TASK TO COMPLETE:
For this exercise, the lines from the one with "Lighthouse Fellowship Center" through the final line of the data below are to be transcribed exactly, and pictures are to be skipped.

DATASET EXCERPT:

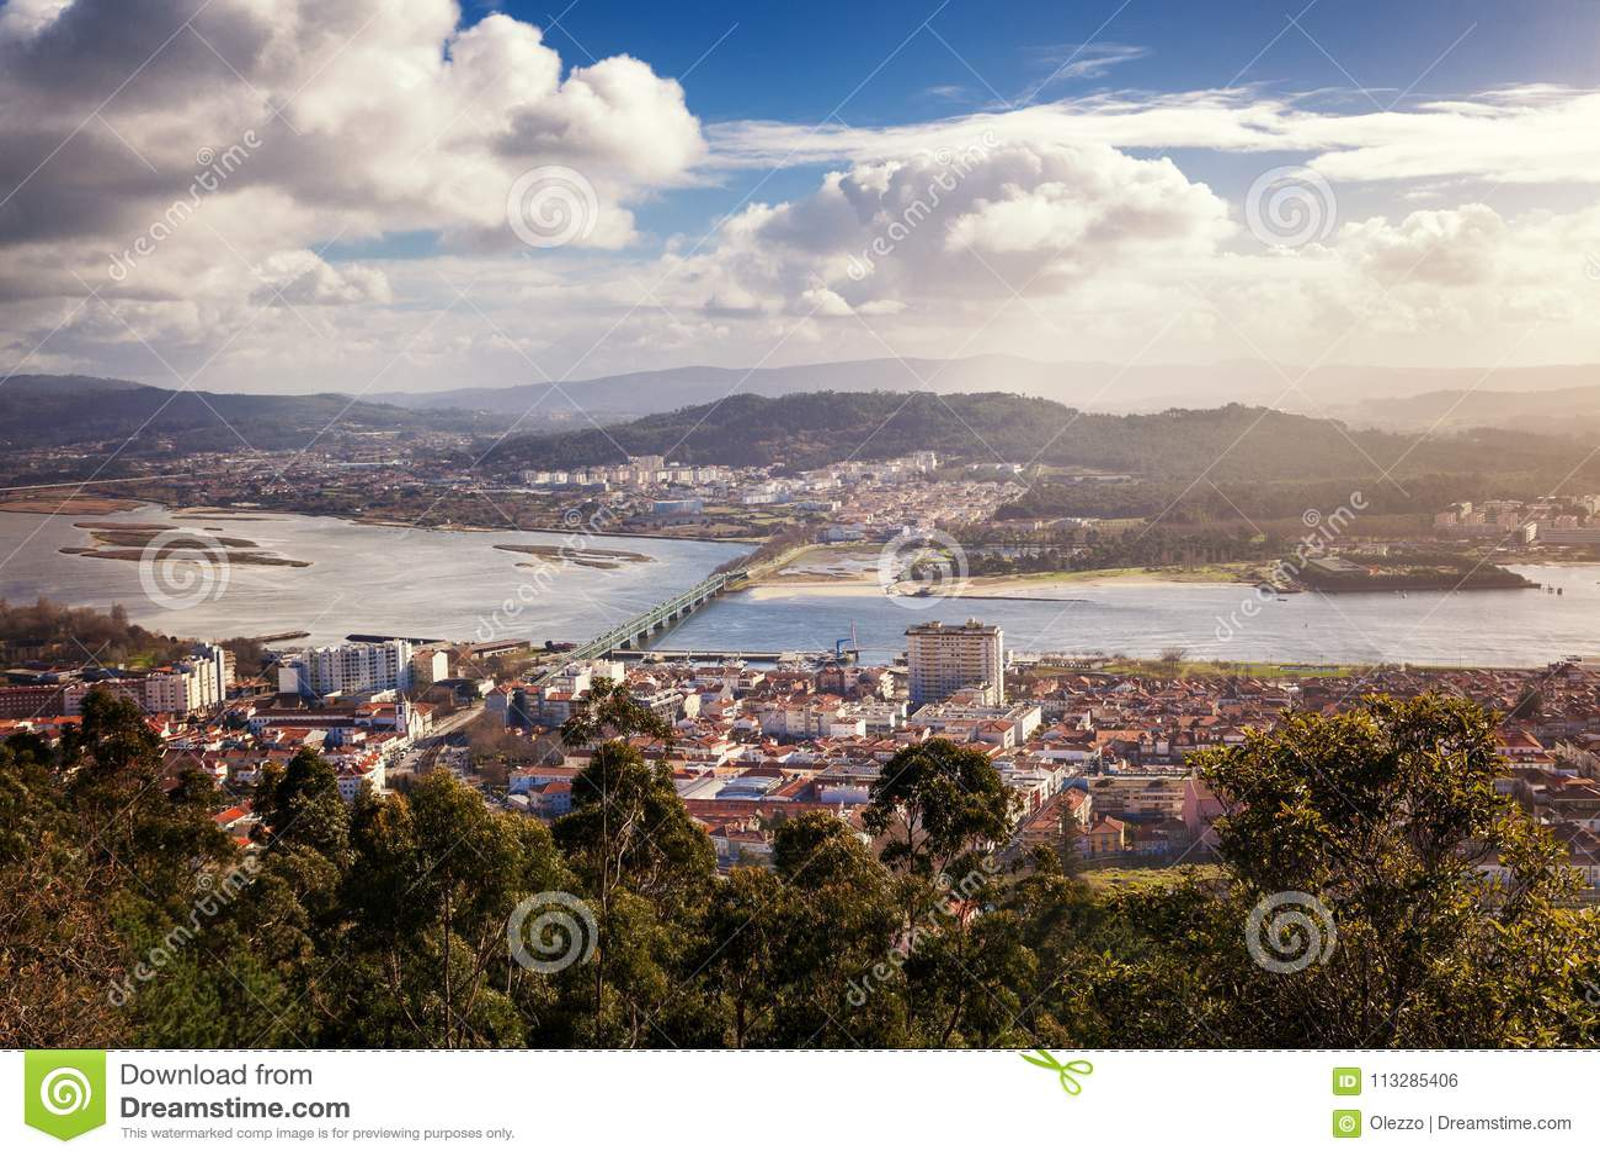 Viana Do Castelo, widok miasto od wzrosta, piękny miasto
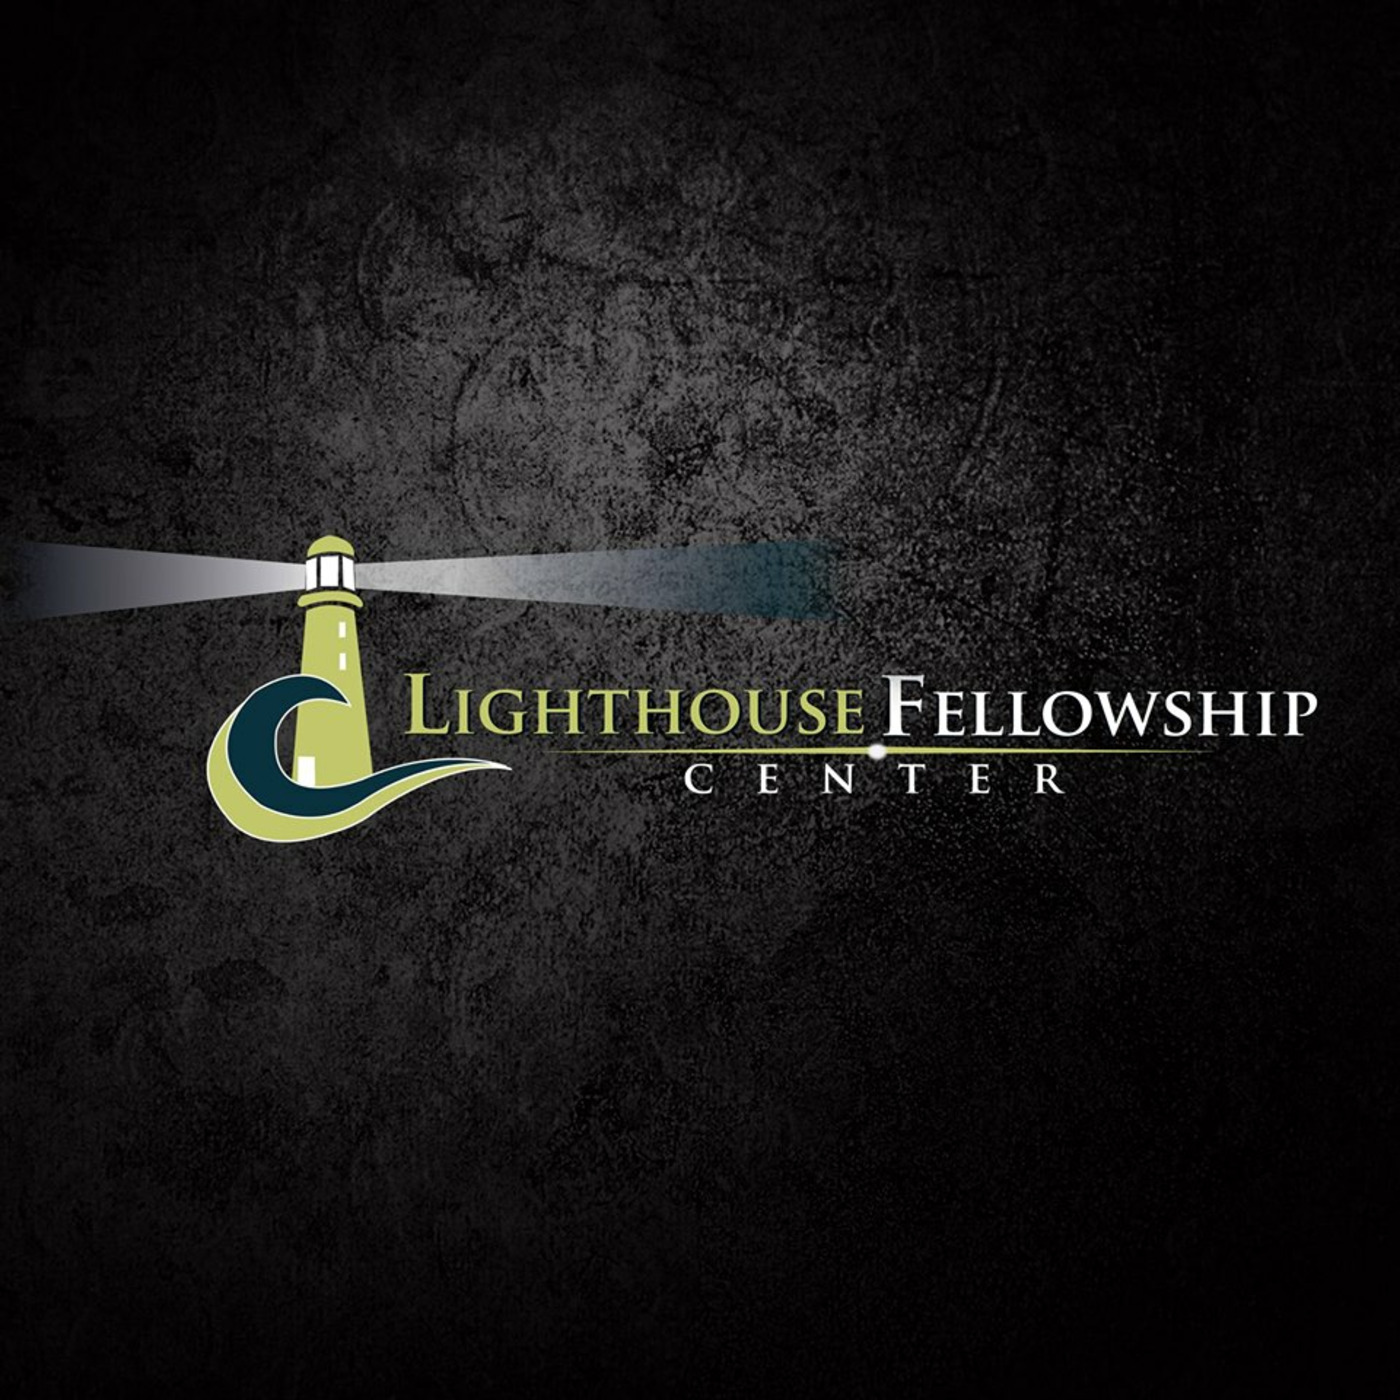 Lighthouse Fellowship Center
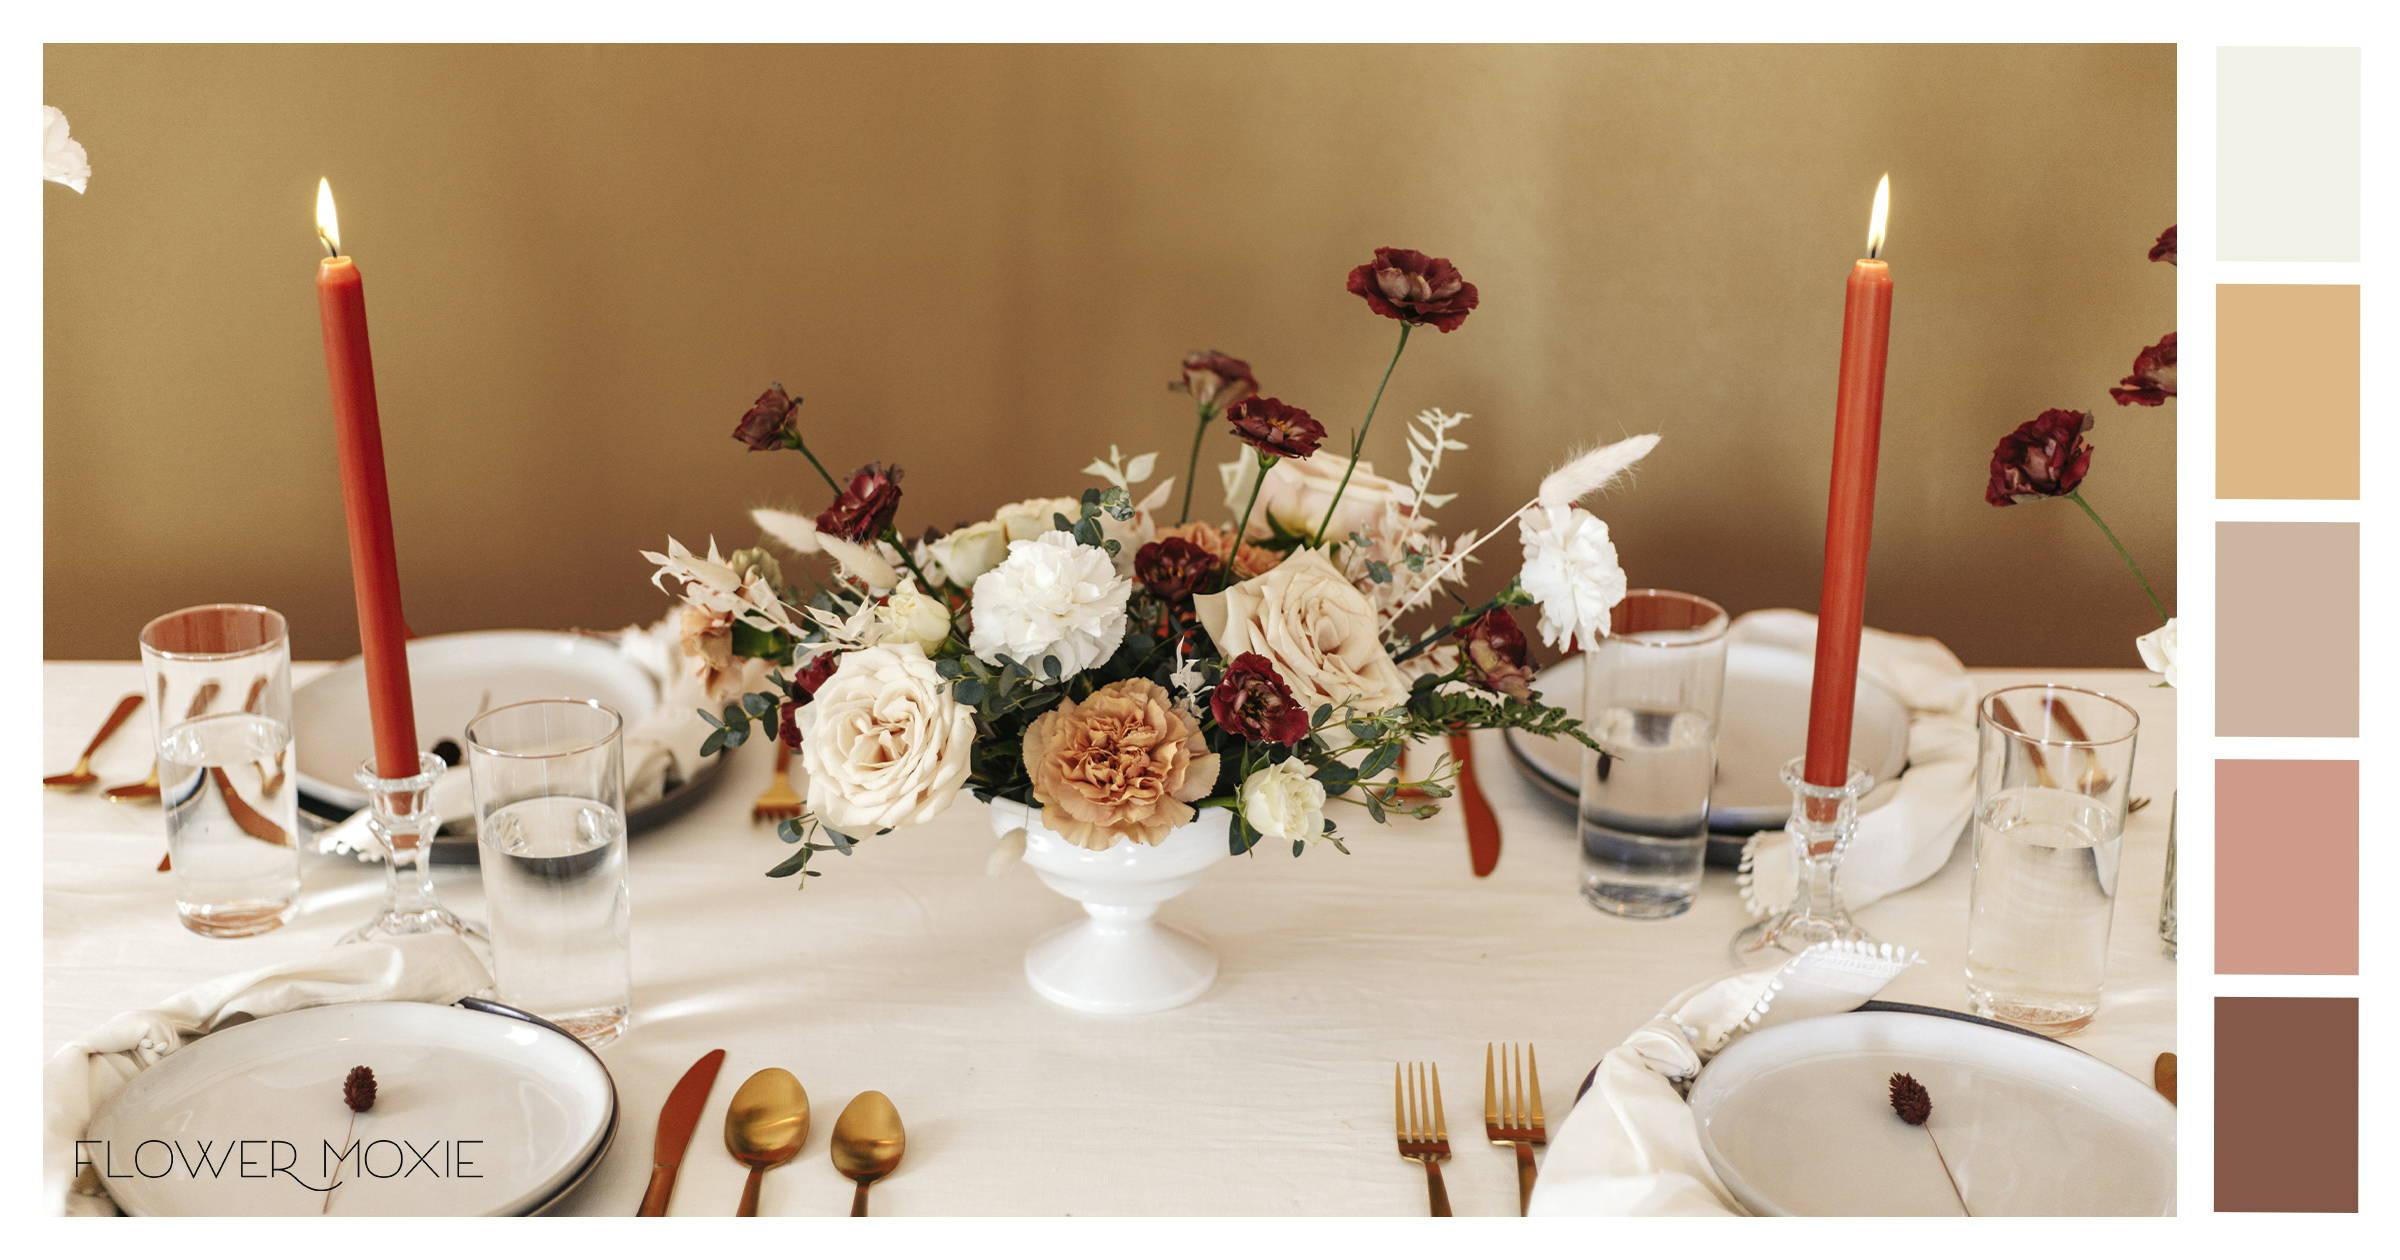 canyon rose diy fresh floral kits online

ANSWER BELOW:
 Lighthouse Fellowship Center
 canyon rose diy fresh floral kits online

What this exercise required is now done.